🤖 AI Summary
This work addresses the limitations of existing linear models in time series forecasting, which struggle to effectively capture complex intra-channel temporal dependencies and inter-channel nonlinear correlations, particularly in modeling high-frequency components. To overcome these challenges, the authors propose ACFormer, a novel architecture that introduces the concept of “individual receptive fields” and establishes the equivalence between convolution and channel attention. ACFormer synergistically combines the efficiency of linear projections with the nonlinear representational power of convolution through a shared compression module, a gated attention mechanism, and independent block-wise expansion layers to jointly model multidimensional temporal patterns. Extensive experiments demonstrate that ACFormer significantly outperforms state-of-the-art methods across multiple benchmark datasets, achieving particularly strong performance on highly nonlinear and high-frequency time series forecasting tasks.
📝 Abstract
Time series forecasting (TSF) faces challenges in modeling complex intra-channel temporal dependencies and inter-channel correlations. Although recent research has highlighted the efficiency of linear architectures in capturing global trends, these models often struggle with non-linear signals. To address this gap, we conducted a systematic receptive field analysis of convolutional neural network (CNN) TSF models. We introduce the"individual receptive field"to uncover granular structural dependencies, revealing that convolutional layers act as feature extractors that mirror channel-wise attention while exhibiting superior robustness to non-linear fluctuations. Based on these insights, we propose ACFormer, an architecture designed to reconcile the efficiency of linear projections with the non-linear feature-extraction power of convolutions.

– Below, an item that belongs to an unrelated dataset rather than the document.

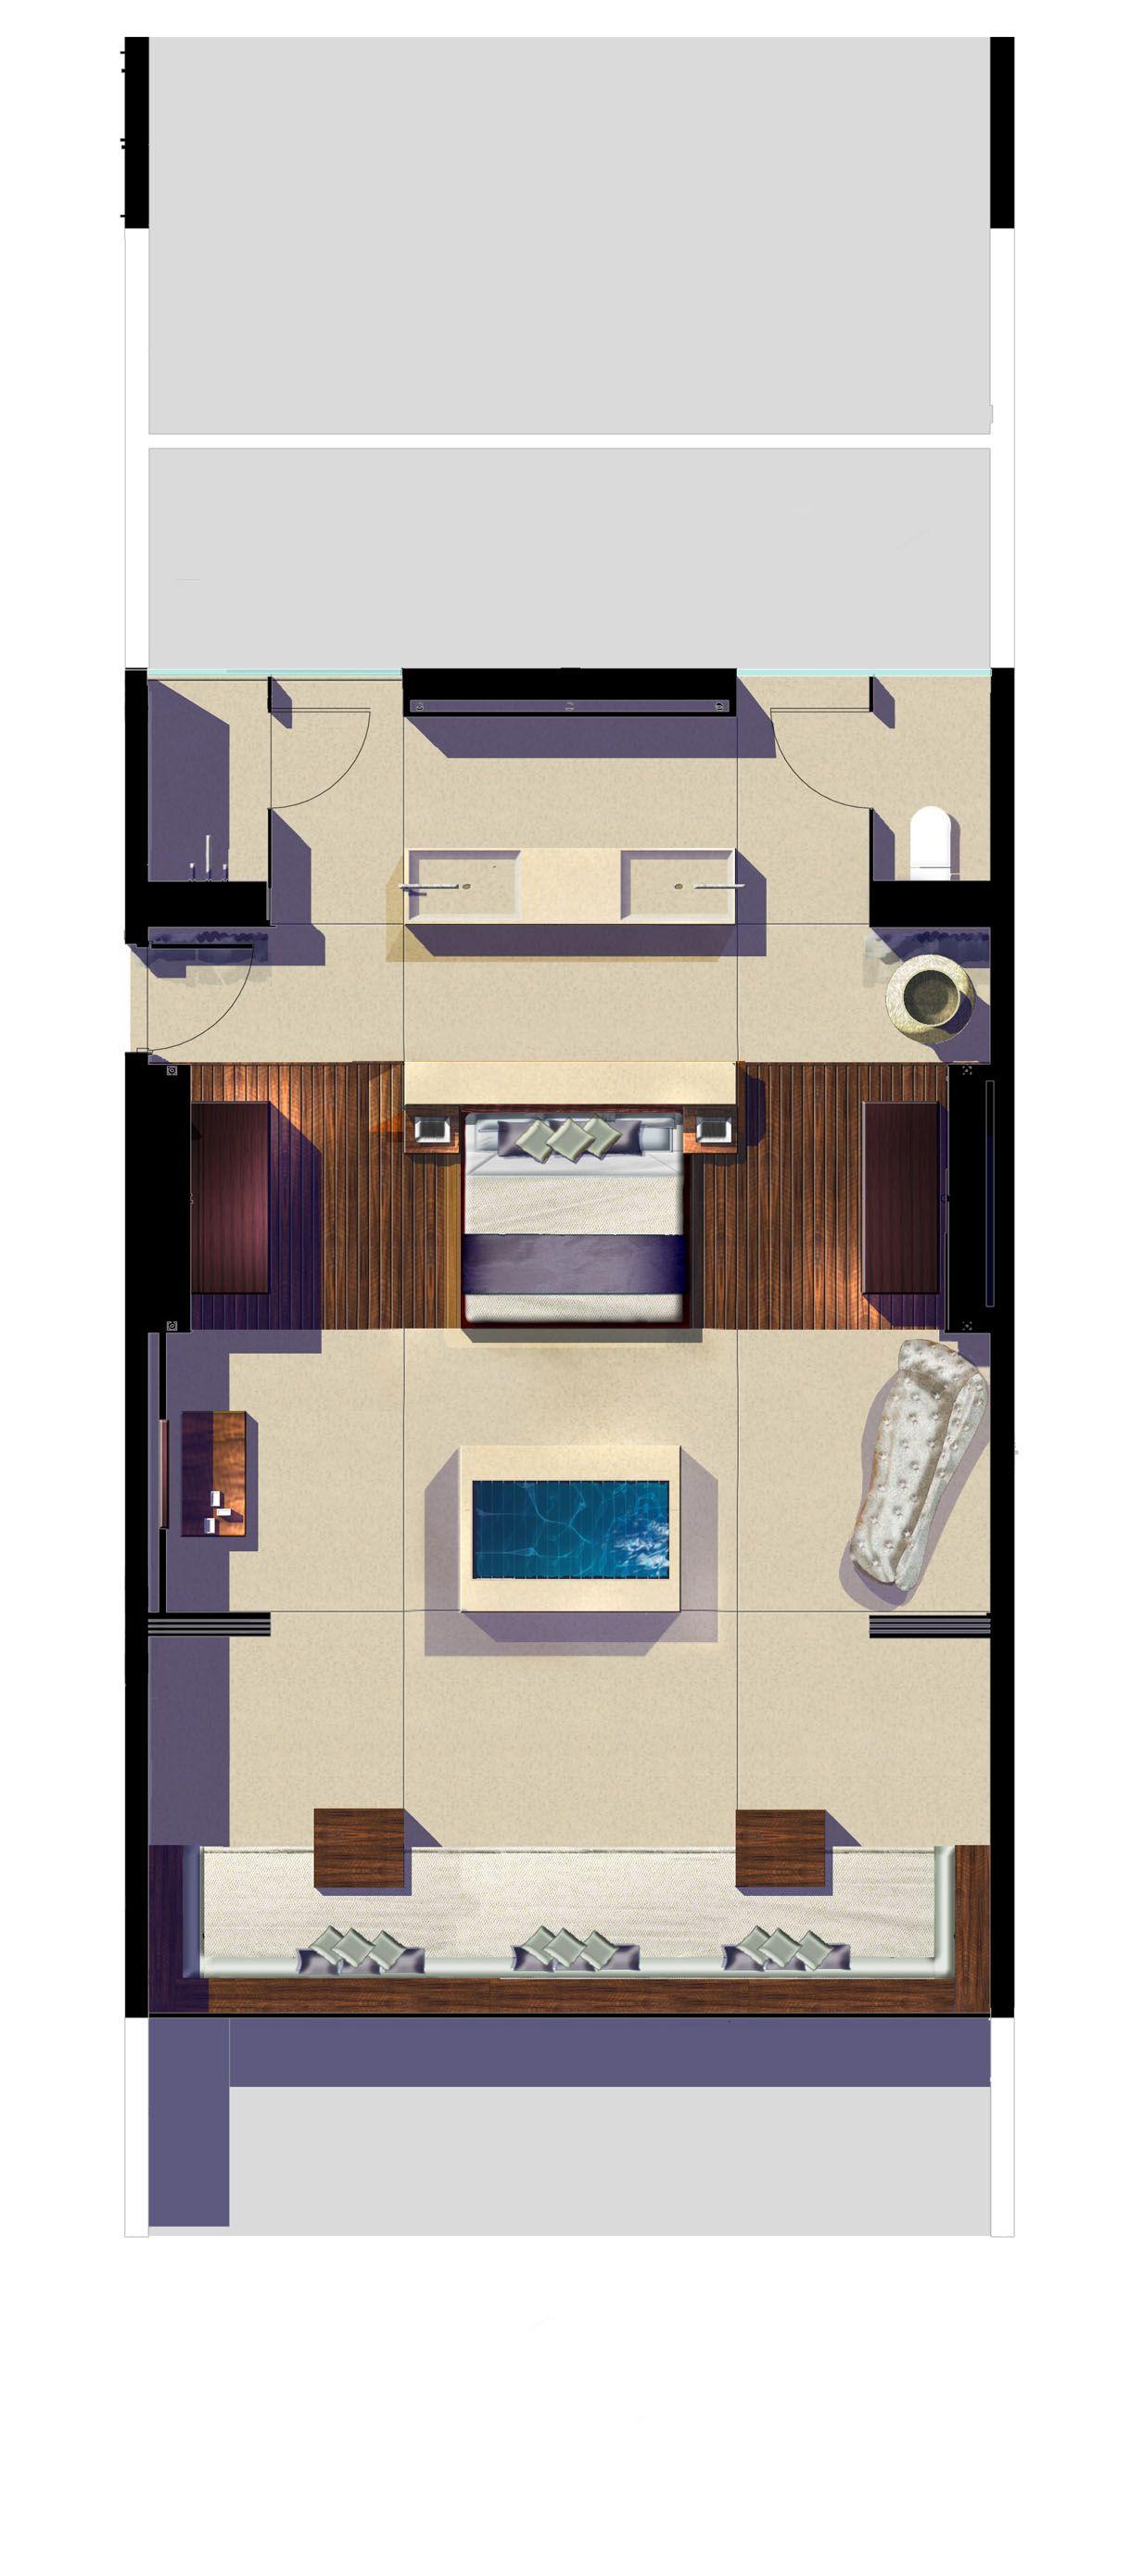 Hotel Room Plan: Hilton Hotel, Fiji Suite, Top Floor Concept Plan

ACFormer captures fine-grained information through a shared compression module, preserves temporal locality via gated attention, and reconstructs variable-specific temporal patterns using an independent patch expansion layer. Extensive experiments on multiple benchmark datasets demonstrate that ACFormer consistently achieves state-of-the-art performance, effectively mitigating the inherent drawbacks of linear models in capturing high-frequency components.